• Recorded data:
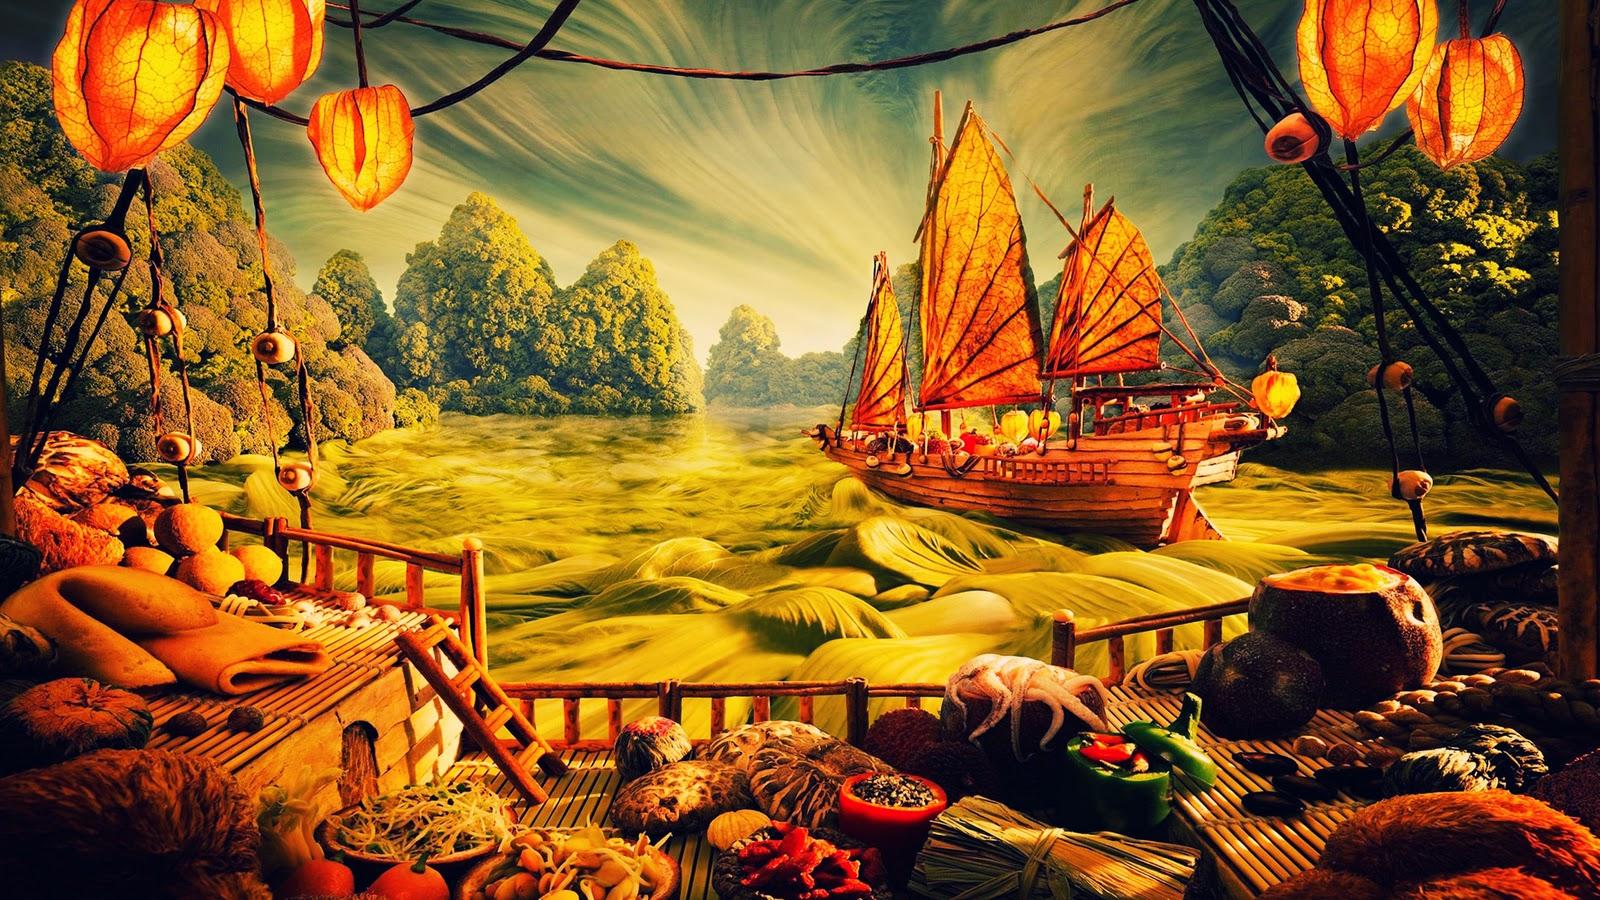 Animated Wallpapers for Windows XP - WallpaperSafari - photo#38
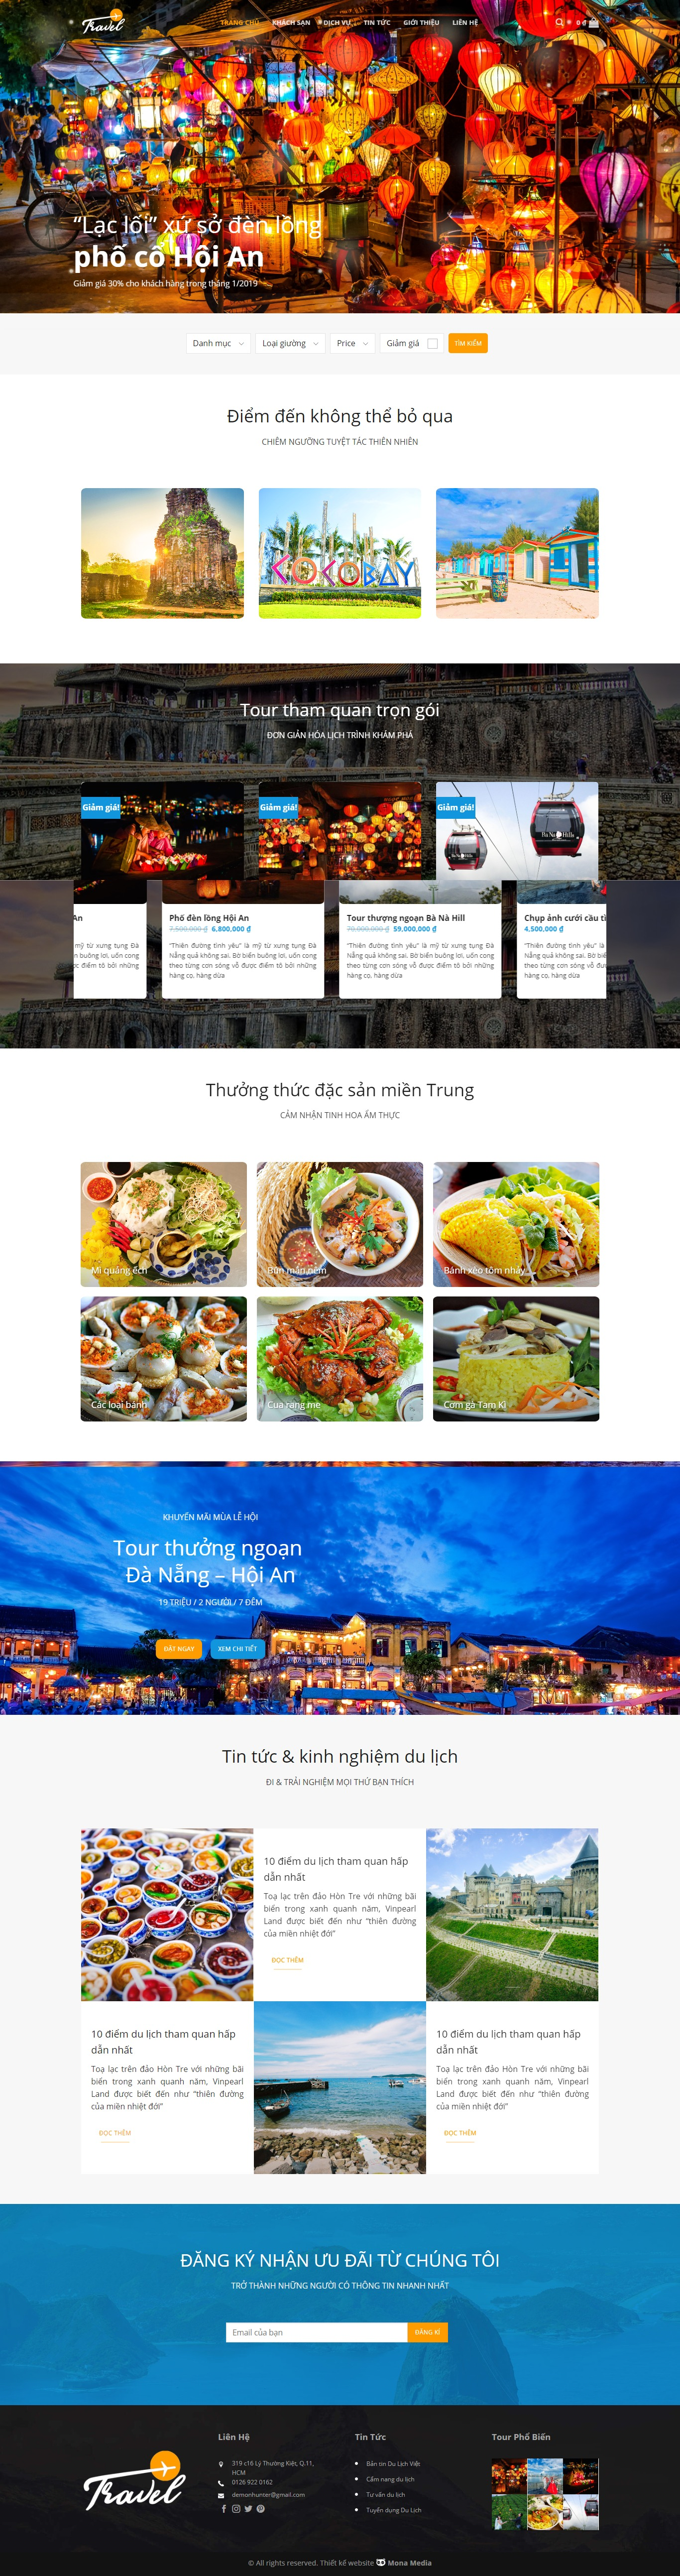 Mẫu website du lịch giống Travelvn
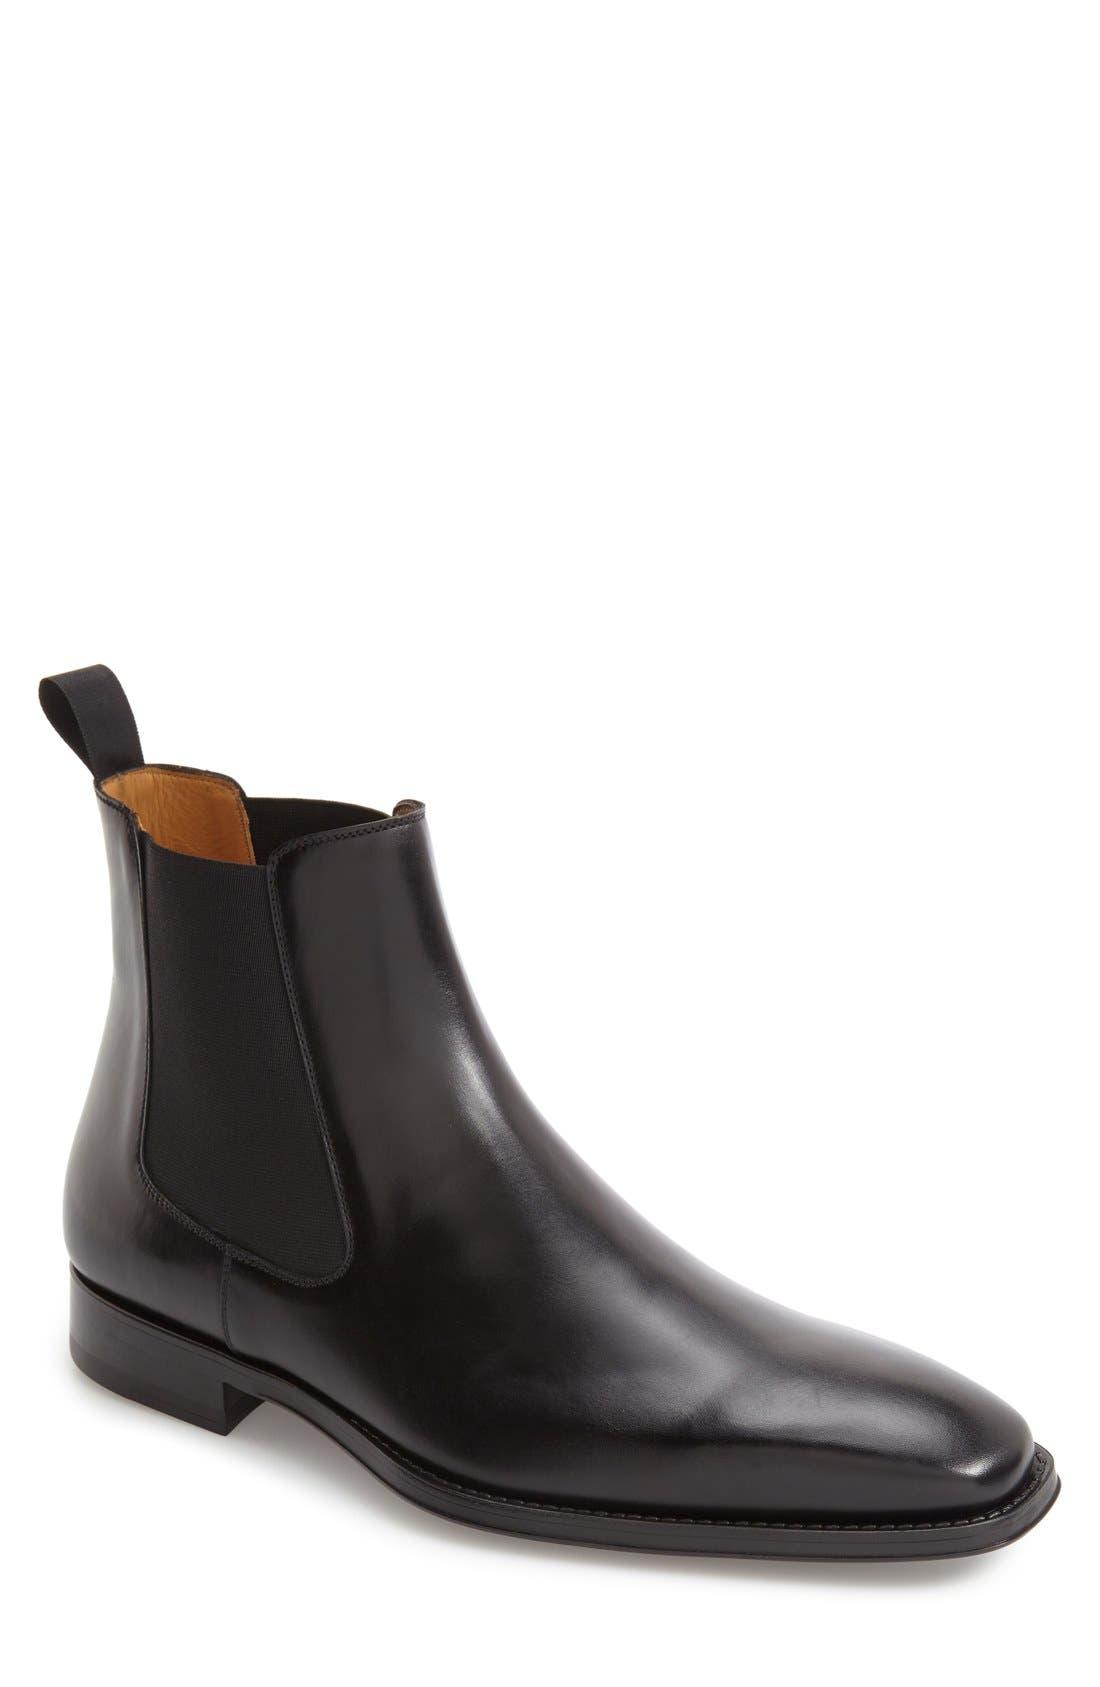 'Sean' Chelsea Boot, Main, color, BLACK

• Your assignment: A word-for-word copy of the material is required; pictures stay out of it.

• Exercise answer:
 Animated Wallpapers for Windows XP - WallpaperSafari - photo#38
 Mẫu website du lịch giống Travelvn
 'Sean' Chelsea Boot, Main, color, BLACK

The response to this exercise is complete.